Между их квартирой и институтом лежит старое и огромное православное кладбище. Он и Ирина в хорошую погоду ходят через это кладбище на работу и с работы домой. Там за чугунной оградой на простом могильном холмике, густо усаженном цветами, стоит чугунный крест. Летом Ирина часто приводит к холмику Оленьку, и та из детской лейки поливает бабушкины цветы. Пока она еще ничего не знает о горькой правде жизни.

Часы в столовой, едва ли не единственный предмет, сохраненный покойницей-матерью из обстановки их дореволюционной квартиры, мелодично отбивали время. Два удара. Кажется, и сегодняшняя ночь для него пройдет не отмеченная ничем, кроме этой мучительной тревоги.

В одной из свифтовских сатирических сказок о наступлении периода массовых казней народ привык узнавать по особенно настойчивому и громкому возвеличиванию добродетелей и милосердия монарха…

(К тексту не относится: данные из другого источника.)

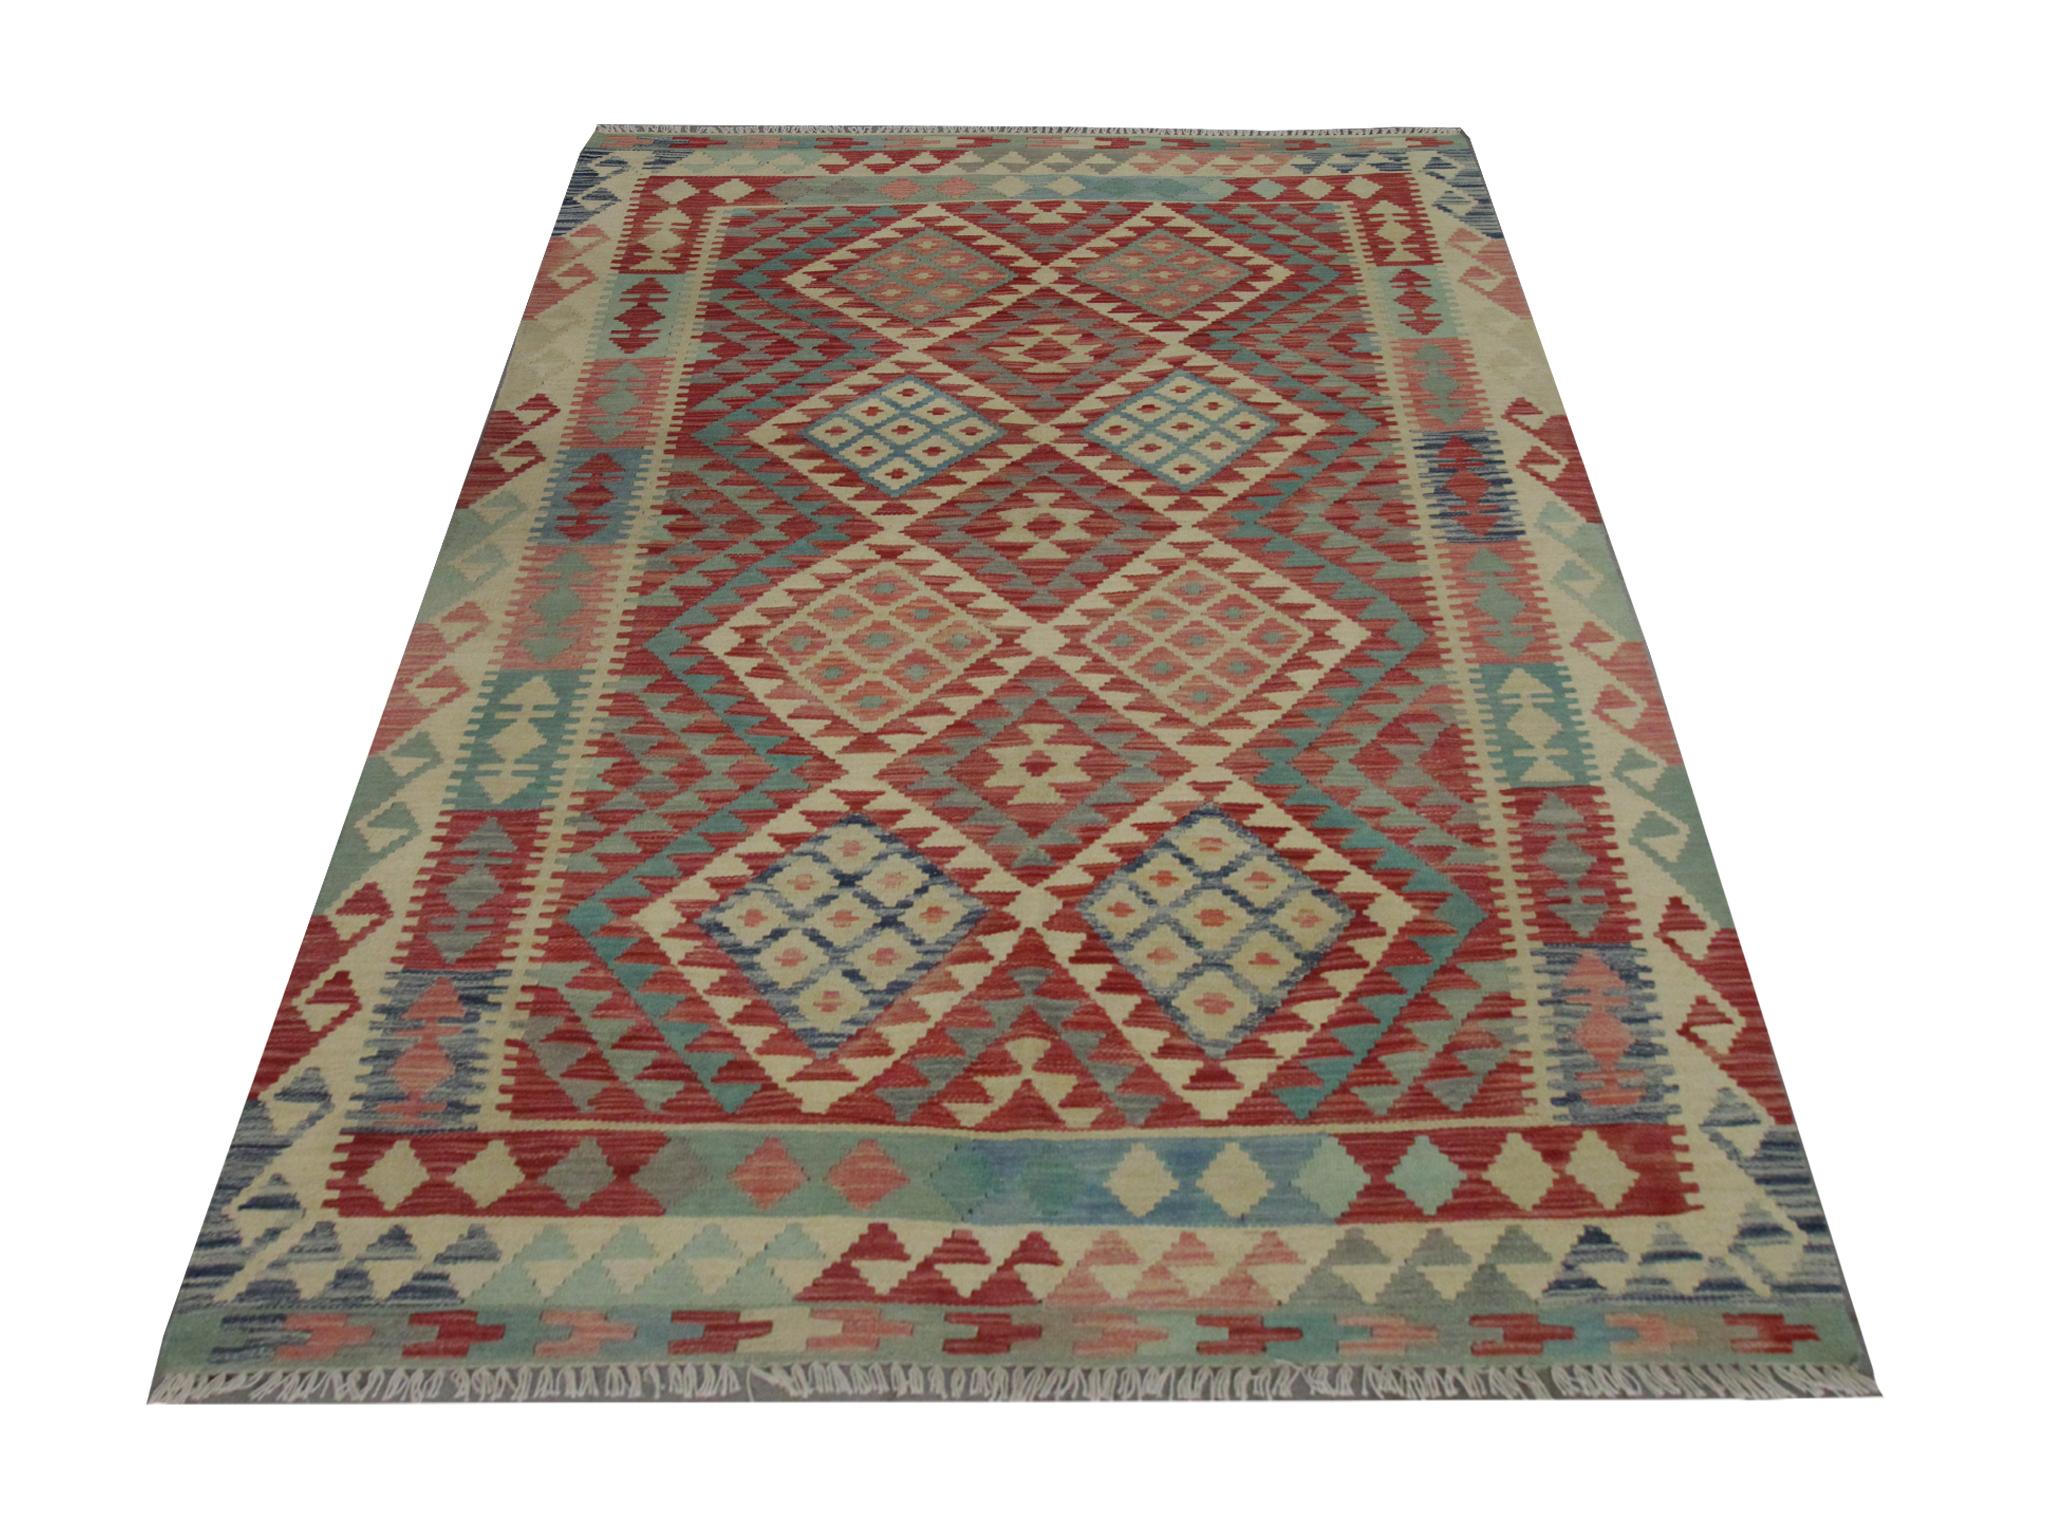 This sophisticated geometric kilim is a new traditional Afghan area rug woven by hand in the early 21st century. The central design is bold and beautiful, featuring a repeating diamond geometric pattern woven in pink, blue and beige accents, framed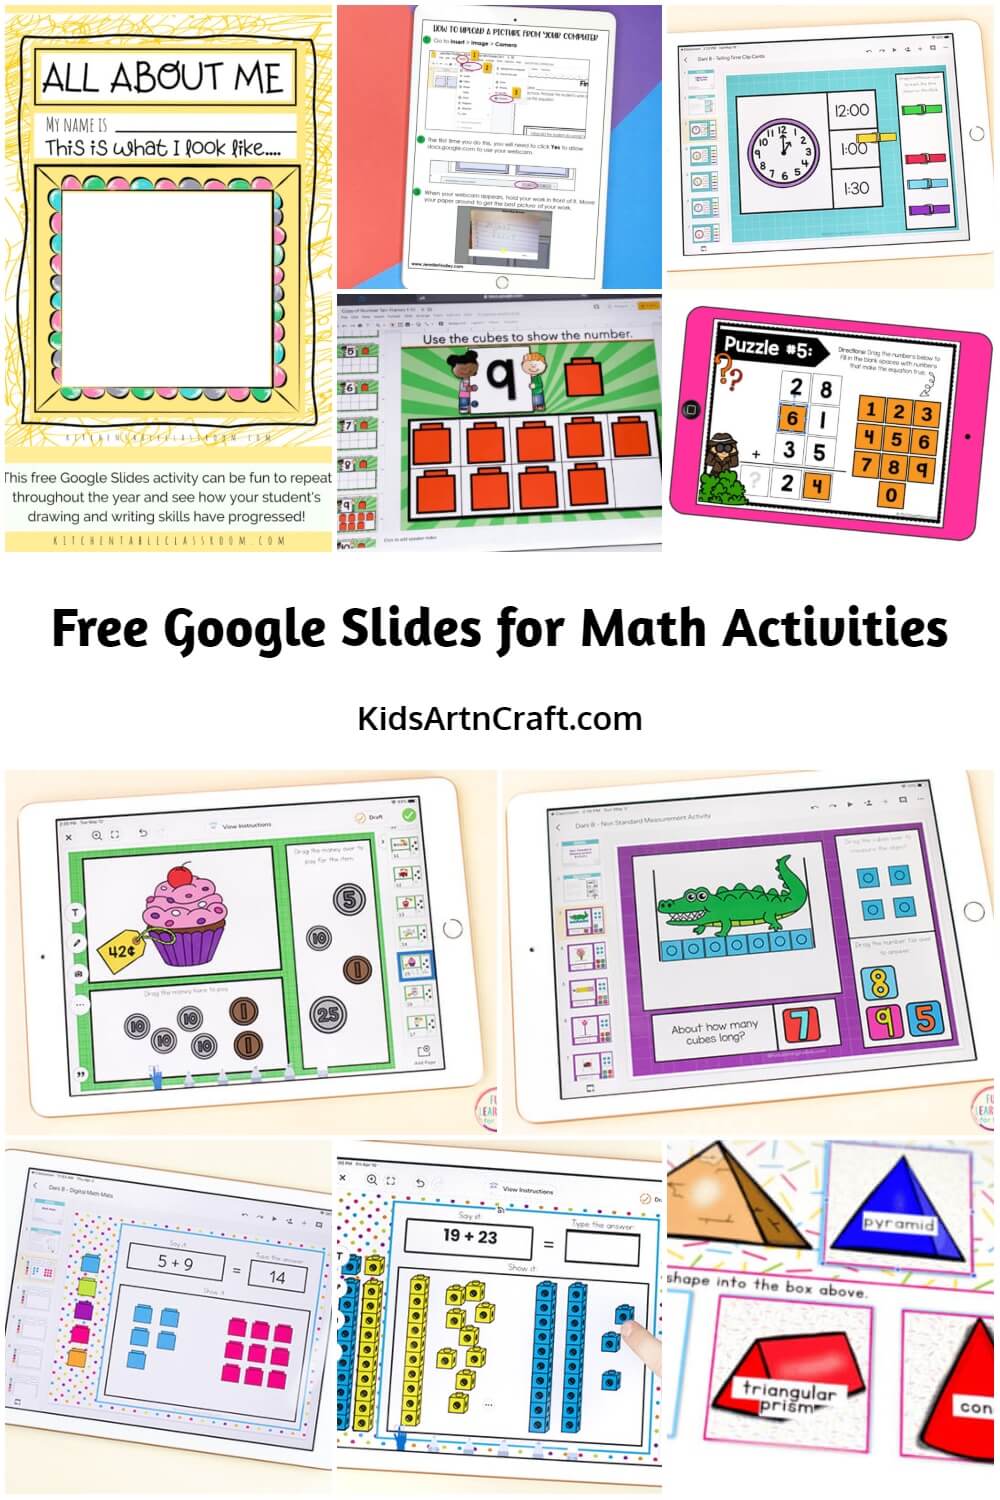 Free Google Slides for Math Activities

Механизм, уже около столетия отмечающий наступление каждого часа, оповестивший тридцать семь лет назад о наступлении нового века, прозвонил трижды. Но этот звон замер, не проникнув ни в чье сознание. По-прежнему безмятежным сном спал ребенок. Тяжелым и тревожным забылись его родители.

* * *

Наступил день, угрюмый и малопродуктивный, как все дни теперь. Большинство сотрудников института были подавлены и испуганы, и лишь некоторые проявляли наигранную бодрость и деловитость. Но были и такие, бодрость которых была неподдельной. Это те, чья дорога к научной карьере расчищалась теперь от всех препятствий. Их не могли больше зажимать всякие там «бывшие» из своих и наезжие фашисты. Таких теперь непрерывно разоблачают и обезвреживают. А научное наследие врагов народа после самой незначительной ретуши и замены имен на титульном листе достанется бдительным. Это — награда за помощь в разоблачении врагов, такая же общепринятая и законная, как в древнем Риме эпохи императоров получение доносчиком части имущества казненного по его доносу.

Вайсберг при встречах с Трубниковым смотрел торжествующе и нагло. Он, как и все, не мог знать, что, собственно, происходит там, в недрах НКВД, где перемалываются людские судьбы. Но то, что угнетало и подавляло большинство коллег, его радовало.

Именно они, все эти талантливые и эрудированные, владеющие русской и иностранной речью, видевшие мир и широко образованные, оказываются вредителями, диверсантами и шпионами. Недаром бывший воспитанник детдома всегда их ненавидел и подозревал. Разве можно доверять тем, кого лишили имений, титулов и всяких привилегий? Или этим немцам, которых Ефремов, Трубников и им подобные пригласили в страну и которые все, как и следовало ожидать, оказались фашистами.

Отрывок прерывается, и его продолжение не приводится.